• _REQUIRED ACTION_:
Set down the data below in full and exactly, minus the pictures.

• _INFORMATION SUPPLIED_:
········
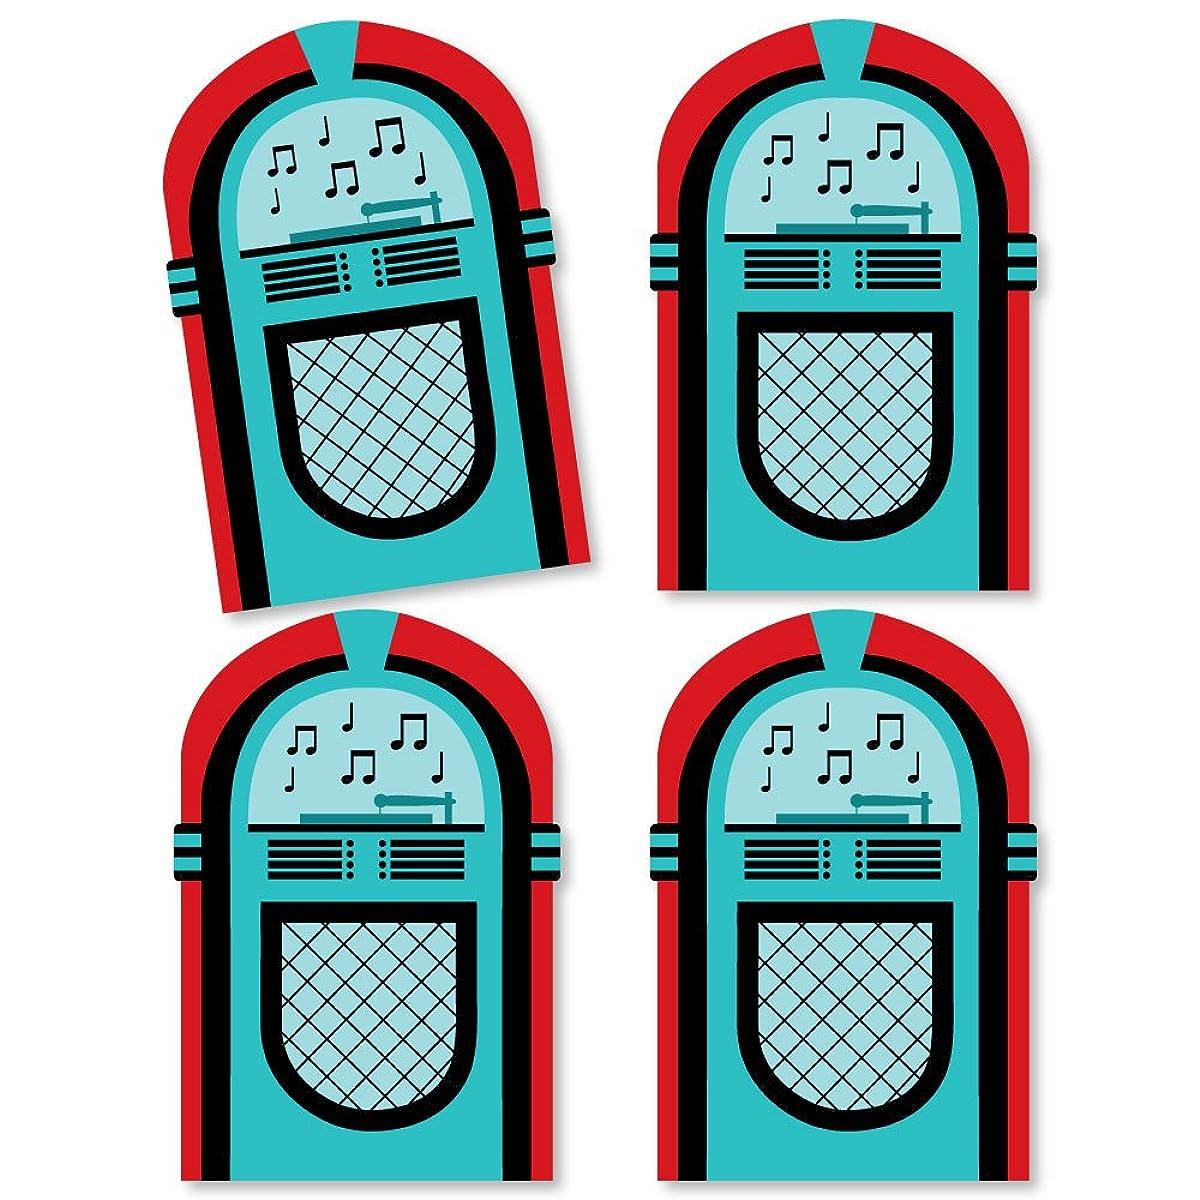 50's Sock Hop - Jukebox Decorations DIY 1950s Rock N Roll Party Essentials - Set of 20
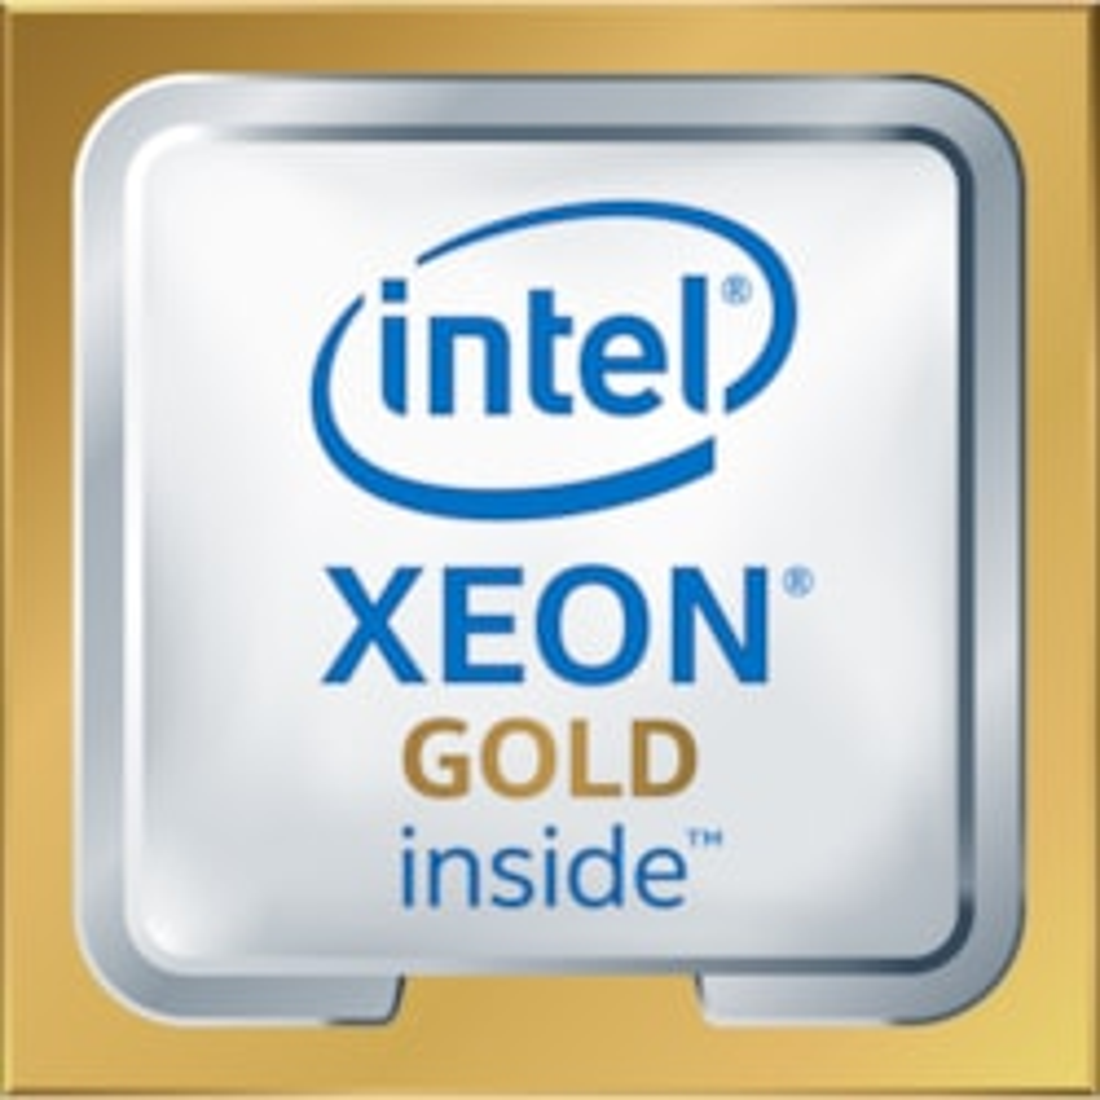 Intel Xeon 5122 Quad-core (4 Core) 3.60 GHz Processor - Retail Pack
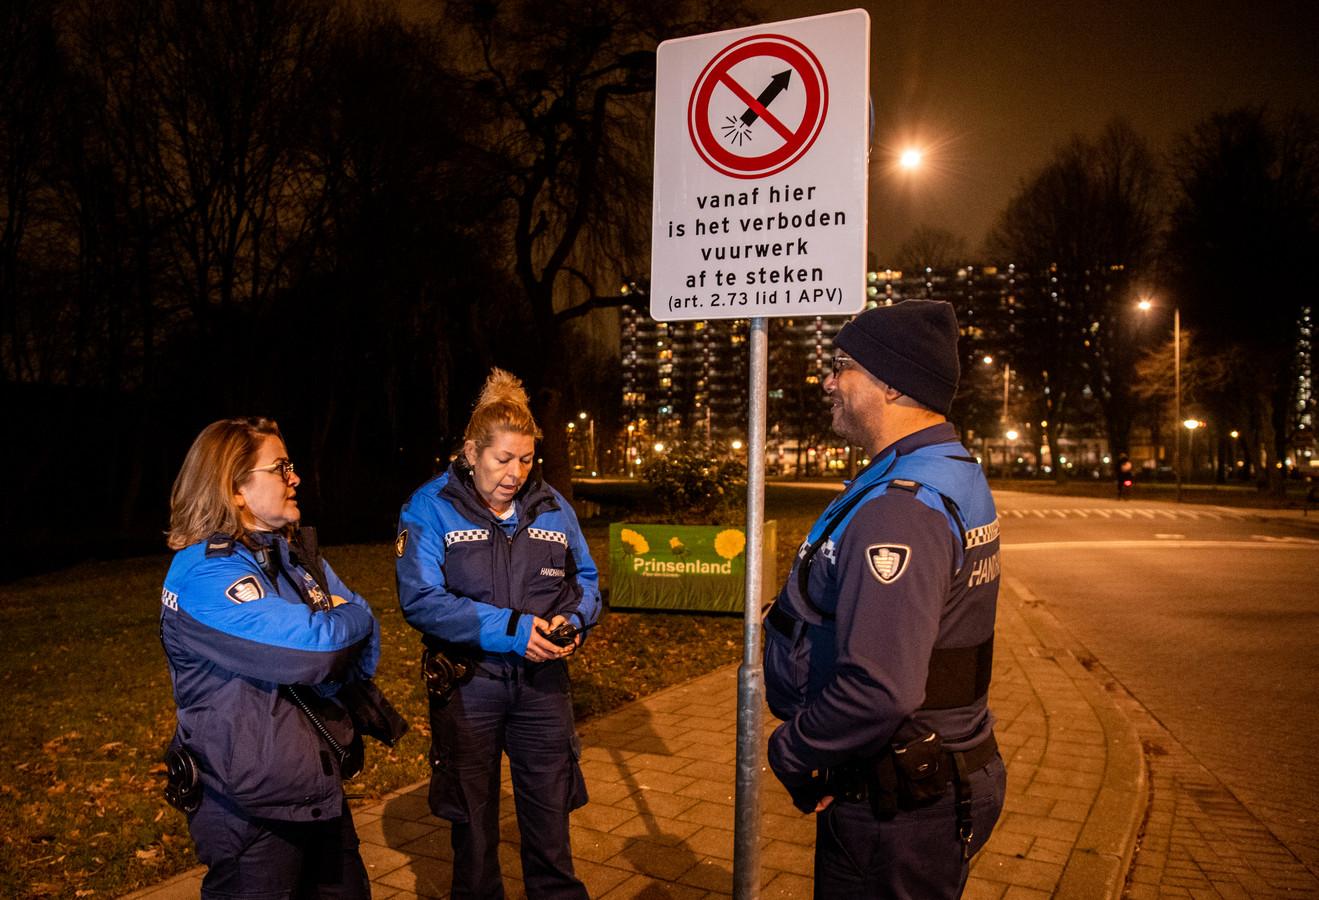 Sermin Guler, Shearron Martina en Erica van Laren in de vuurwerkvrije zone in Rotterdam Prinsenland.
········
• _WRITTEN RESPONSE_:
 50's Sock Hop - Jukebox Decorations DIY 1950s Rock N Roll Party Essentials - Set of 20
 Intel Xeon 5122 Quad-core (4 Core) 3.60 GHz Processor - Retail Pack
 Sermin Guler, Shearron Martina en Erica van Laren in de vuurwerkvrije zone in Rotterdam Prinsenland.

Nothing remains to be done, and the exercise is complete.